There are 4 processors in the X direction, 4 processors in the Y direction, and 2 processors in the Z direction for a total of 32 spatial processors. Therefore, the total number of elements is (32x4) x (32x4) x (32x2), i.e. 1,048,576 elements divided evenly over 32 processors. The physical problem size is, correspondingly, (32x4x0.125) x (32x4x0.125) x (32x2x0.14), or 16 cm x 16 cm x 8.96 cm. Trajectories will be assigned to the domain surfaces with a minimum density of 1/0.01 cm2, or 100/cm2. The Krylov method (restarted GMRES) will be executed for 120 iterations, using 30 back vectors. The number of GMRES iterations was chosen to be roughly double the number specified in serial to simulate the iteration growth under spatial decomposition.
==Output==
The output contains an echo of the input options use, counts of global elements, trajectories, and intersections, and reports any missed elements. If missed elements are reported, request a smaller trajectory area as missing elements will destroy the load balance.

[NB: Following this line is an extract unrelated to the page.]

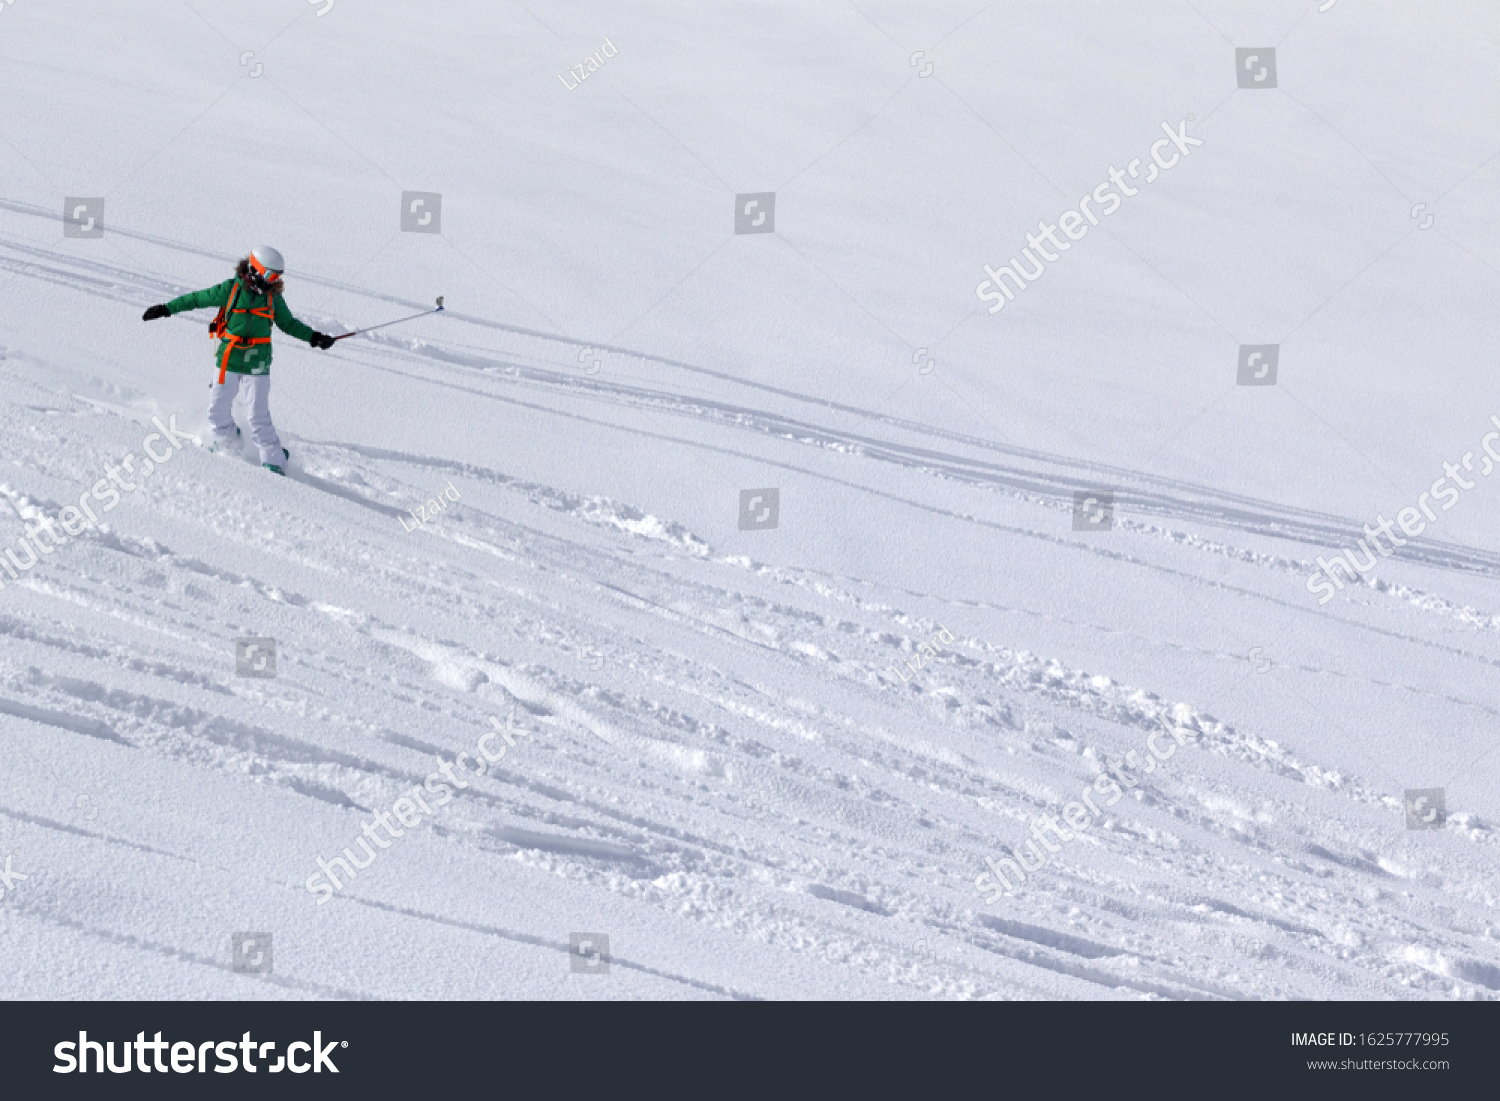 Snowboarder downhill on snowy off piste slope with newly-fallen snow at high winter mountains #1625777995
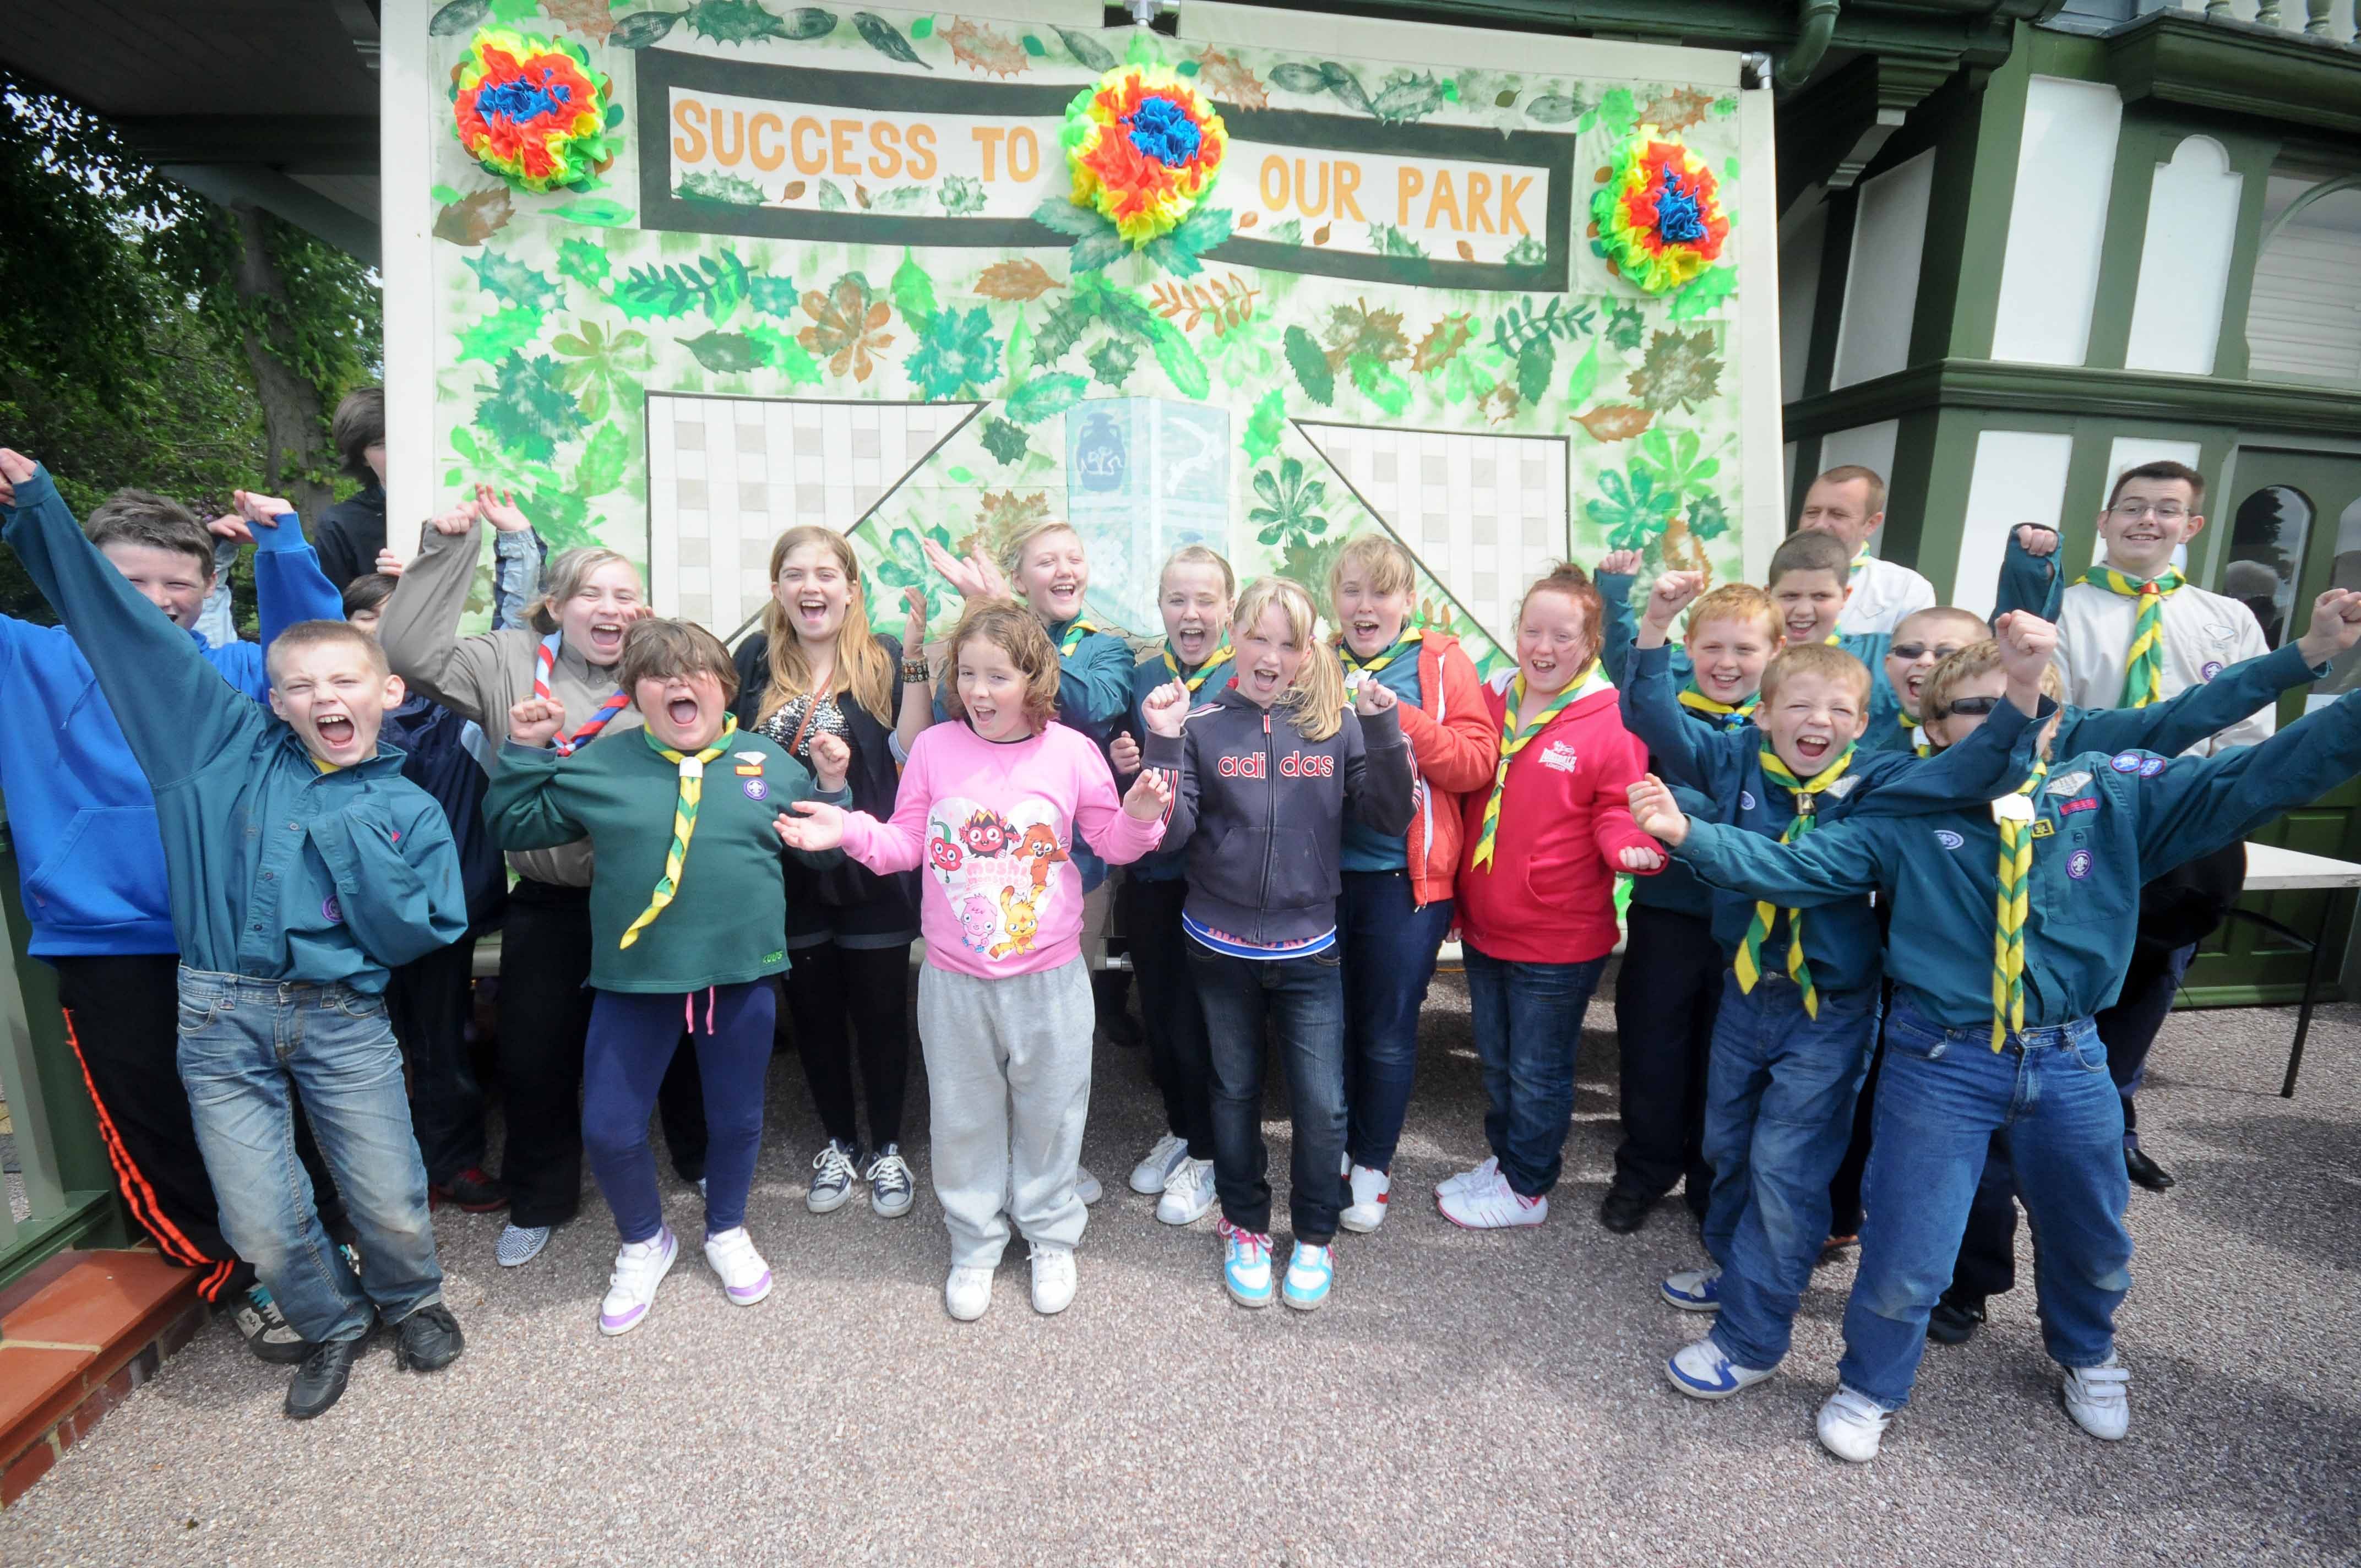 A group of young scouts celebrate in front of a poster which reads 'success to our park'

The number of trajectories broken in (X,Y,Z) indicate the additional degrees of freedom added to the problem due to spatial decomposition. In the following example, parallelization was specified only along the X direction, so broken trajectories appear only along X. The reported time at the end of the simulation is the time spent in GMRES only. The convergence criteria and norm are irrelevant as the real problem is not being solved.
In addition, a file called "ParallelSetupDetails.out" is created which indicates how the degrees of freedom are divided up by processor (rank). See the user manual for a further description on this output file.